Managing AI-related risk requires controls that are specifically designed around how these systems operate, including how outputs are generated, reviewed, monitored, and escalated when needed.

Done correctly, AI can strengthen the quality system. Done poorly, it can introduce additional variability into already complex operations.

Contract Pharma: What does meaningful AI governance look like in a GxP-regulated environment, and how does it align with established quality principles?

Chander Badwal: Meaningful AI governance starts with a simple principle: just because AI is available does not mean it is appropriate for GxP use.

The key question is intended use. Is the AI system informing, influencing, or supporting a GxP decision or record? From there, governance should follow a risk-based approach, with controls scaled appropriately to potential impact.

One of the most important considerations is detectability.
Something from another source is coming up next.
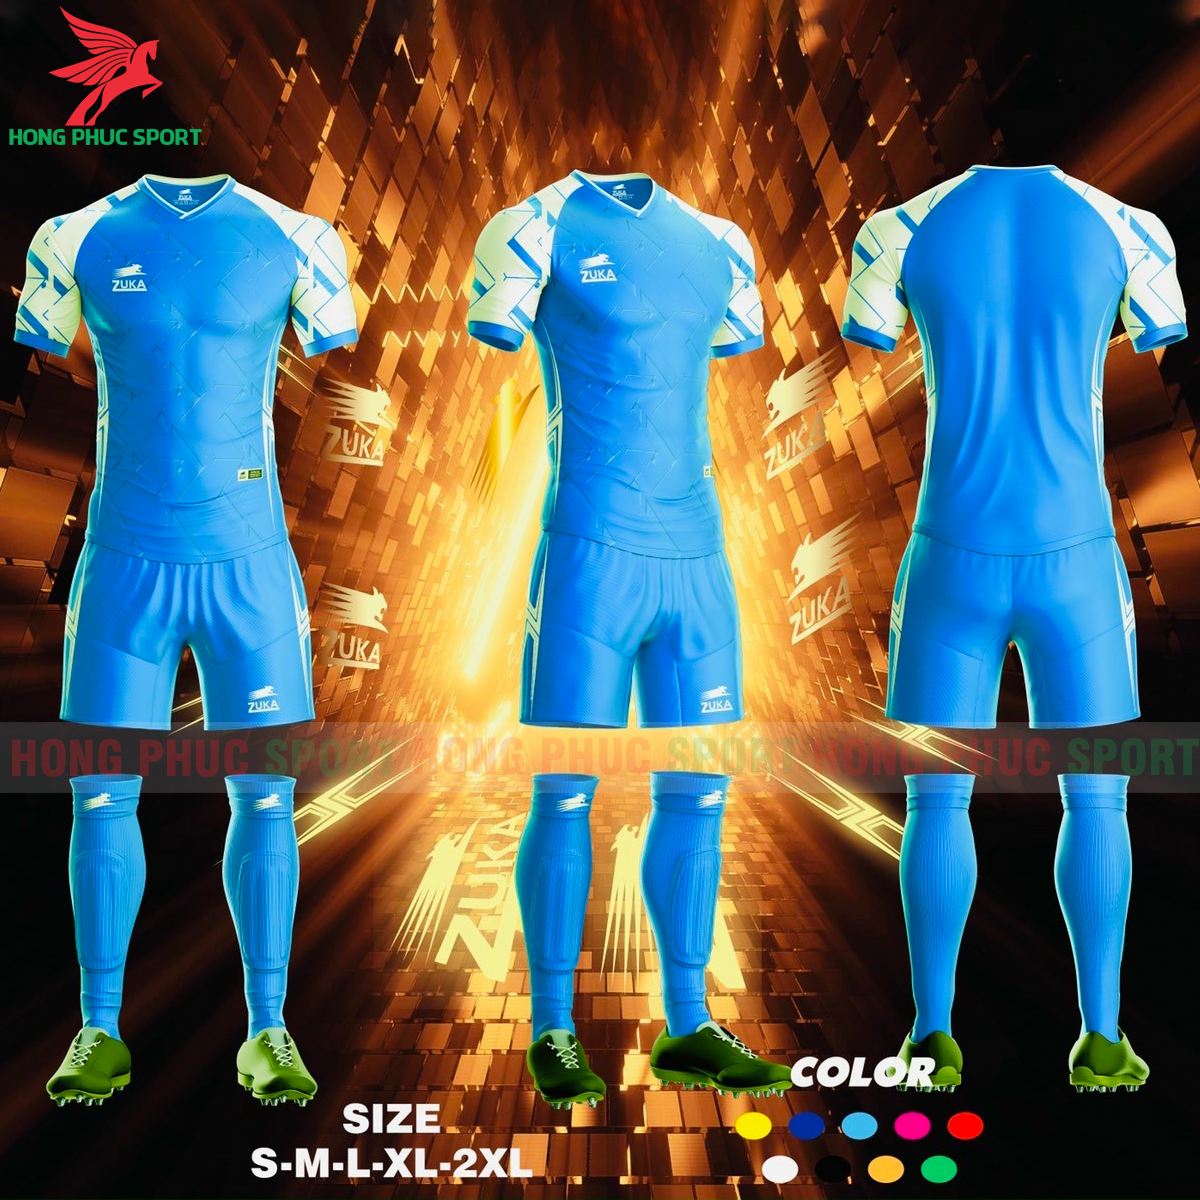 https://cdn.hongphucsport.com/unsafe/s4.shopbay.vn/files/285/ao-bong-da-khong-logo-zuka-spf01-mau-xanh-da-606be33cefbd2.png
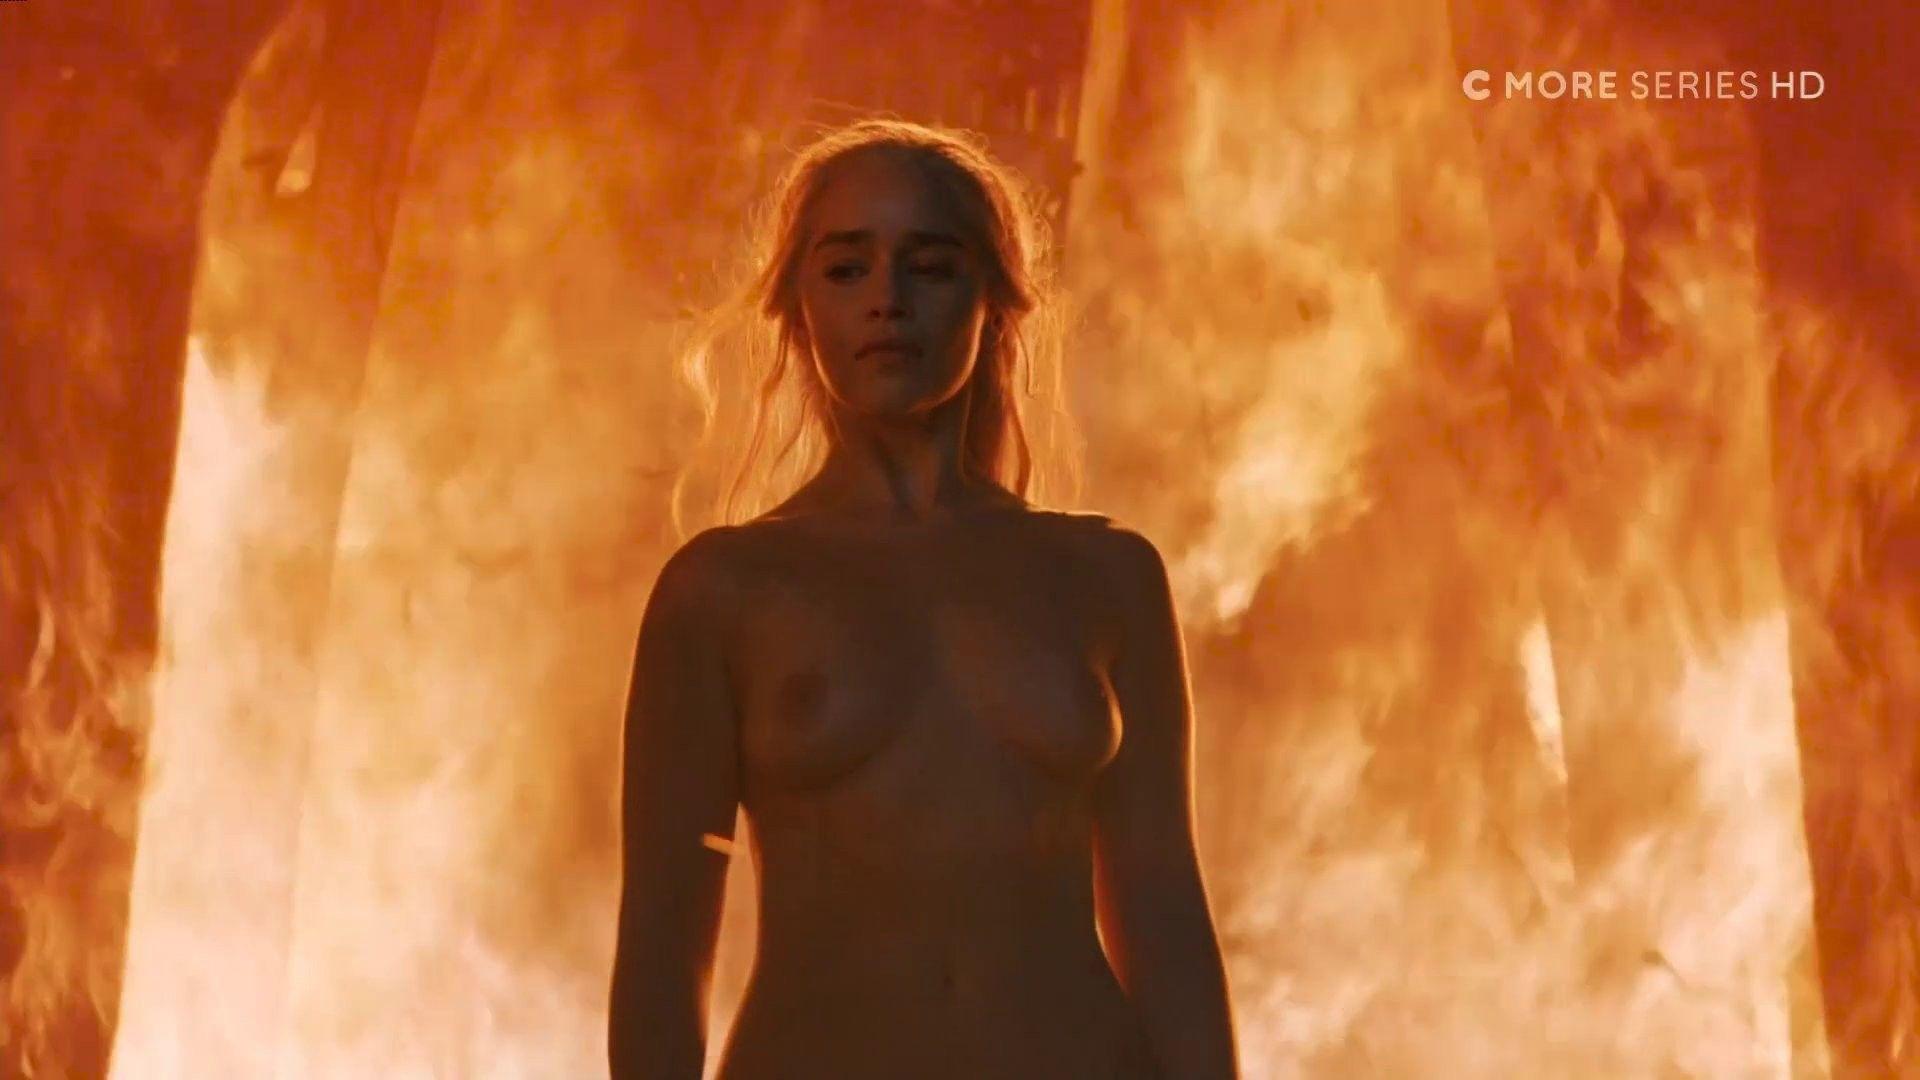 Emilia clarke nude scene game thrones series new picture

If an error can be identified and corrected before it affects a GxP outcome, human review may function as an effective control. If detectability is limited, organizations need stronger upstream and downstream safeguards.

That often means combining multiple layers of control. Prevent issues where possible, detect them when prevention fails, and establish recovery mechanisms where detection alone is insufficient.

AI governance also reinforces core data integrity expectations. A reviewer’s approval may satisfy accountability requirements, but it does not automatically establish that outputs are accurate, complete, or consistent if those outputs cannot be independently assessed.

Responsibility has to be paired with the ability to evaluate correctness.

In a CDMO environment, governance also needs to function consistently across sites, programs, and clients. At Thermo Fisher Scientific Pharma Services, that has shaped an approach where AI governance is integrated into the broader quality system rather than managed separately. Risk assessment, validation expectations, and operational oversight are aligned to the level of impact and complexity involved.

Well-designed governance should not slow adoption. It should enable organizations to scale AI responsibly and with confidence.

Contract Pharma: As AI capabilities continue to evolve, what will differentiate organizations that successfully scale both innovation and quality performance?

Chander Badwal: At scale, quality ultimately shows up in outcomes. Consistent execution, reliable supply, stable inspections, and fewer operational disruptions are what matter.

AI will increasingly influence how organizations achieve those outcomes, but it will not fundamentally change what defines strong performance.

General-purpose AI tools are becoming widely accessible. The differentiator is not access to the technology itself. It is how organizations integrate AI into controlled processes and how effectively they apply it using reliable, high-integrity data.

The industry is also moving gradually from augmented intelligence, where humans remain deeply involved in decisions, toward more agentic systems that operate with increasing autonomy.

That shift raises the stakes significantly.

Autonomous actions tied to validated records, release decisions, shipments, or regulatory reporting can create consequences that are not easily reversible. That is part of the reason regulators remain cautious around fully autonomous AI applications in GMP environments.

The organizations that succeed will be the ones that scale governance alongside capability.

Oversight cannot depend entirely on downstream review. Organizations will need clearly defined operating boundaries, continuous monitoring, escalation thresholds, and disciplined intervention models before autonomy expands further.

At Thermo Fisher, this has led to a phased governance approach focused first on stabilizing foundational controls, then standardizing execution, and finally scaling capabilities as organizational maturity increases.

When innovation and governance mature together, AI becomes an extension of operational discipline rather than a separate source of risk.